Between 1964 and 2011, Snyder completed 46 books. Atheneum published her first 22 books and (as a Simon & Schuster imprint) her last three books. Her New York Times obituary noted, “She mixed realism and the supernatural, and her stories often had endings that could be interpreted from either viewpoint. Her plots were tight, and her protagonists were often vital, thoughtful, courageous females."

After having written the novel Below the Root and its two sequels, Snyder was heavily involved in the 1984 Below the Root computer game that is set in the Green Sky universe, occurring after the events of the final novel, Until the Celebration. She worked with programmer Dale Disharoon on several aspects of the game including the map and characters.

Zilpha Keatley Snyder died at the age of 87 in 2014 from a stroke in San Francisco.

== Awards and honors ==
In 1972, The Witches of Worm was also a finalist for the National Book Award in the Children's Book category.

In 1998, Snyder was awarded an honorary Doctor of Humane Letters (L.H.D.) degree from Whittier College.
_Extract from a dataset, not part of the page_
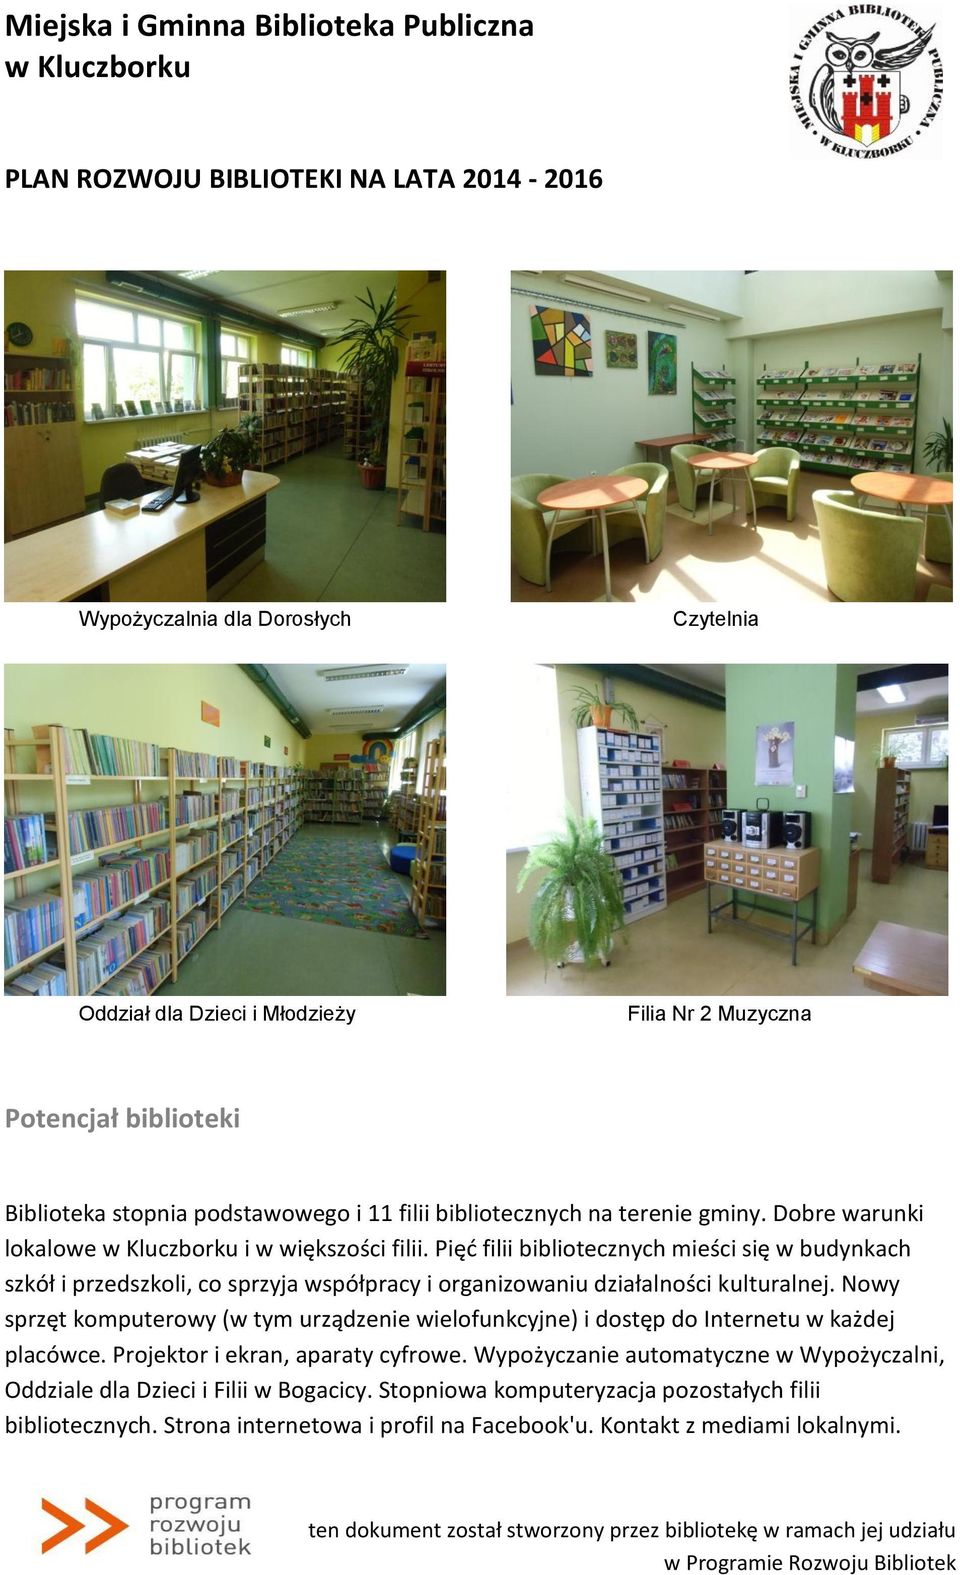 Pięć filii bibliotecznych mieści się w budynkach szkół i przedszkoli, co sprzyja współpracy i organizowaniu działalności kulturalnej.

Her manuscripts are archived in the Children's Literature Research Collections of the Kerlan Collection, at the University of Minnesota at Minneapolis.

==Published books==

===The Egypt Game series ===
- The Egypt Game (1967) – Newbery Honor Book
- The Gypsy Game (1997)
- The Gypsy Game Teacher's Guide (1998) – nonfiction

===Stanley Family series ===
- The Headless Cupid (1971), also issued as A Witch in the Family – Newbery Honor Book
- The Famous Stanley Kidnapping Case (1979)
- Blair's Nightmare (1985)
- Janie's Private Eyes (1989)

===Green Sky trilogy===

- Below the Root (1975)
- And All Between (1976)
- Until the Celebration (1977)

===Castle Court Kids series===
- The Diamond War (1995)
- The Box and the Bone (1995)
- Ghost Invasion (1995)
- Secret Weapons (1995)

===Gib series===
- Gib Rides Home (1998)
- Gib and the Gray Ghost (2000)

===William S series===
- William S and the Great Escape (2009)
- William's Midsummer Dreams (2011) – her last book published.

===Other===
- Season of Ponies (Atheneum Books, 1964) – her first book
- The Velvet Room (1965)
- Zilpha Keatley Snyder (1966)
- Black and Blue Magic (1967)
- Eyes in the Fishbowl (1968)
- Today Is Saturday (1969) - poetry
- The Changeling (1970)
- The Witches of Worm (1972) – Newbery Honor Book
- The Princess and the Giants (1973)
- The Truth About Stone Hollow (1974), also issued as The Ghosts of Stone Hollow
- Heirs of Darkness (1978)
- A Fabulous Creature (1981)
- Come on, Patsy (1982)
- The Birds of Summer (1983)
- The Changing Maze (1983)
- And Condors Danced (1987)
- Squeak Saves the Day and Other Tooley Tales (1988)
- Song of the Gargoyle (1991)
- Libby on Wednesday (1991)
- Fool's Gold (1993)
- Cat Running (1994)
- The Trespassers (1995)
- The Runaways (1999)
- Spyhole Secrets (2001)
- The Ghosts of Rathburn Park (2002)
- The Unseen (2004)
- The Magic Nation Thing (2005)
- The Treasures Of Weatherby (2006)
- The Bronze Pen (Atheneum, 2008)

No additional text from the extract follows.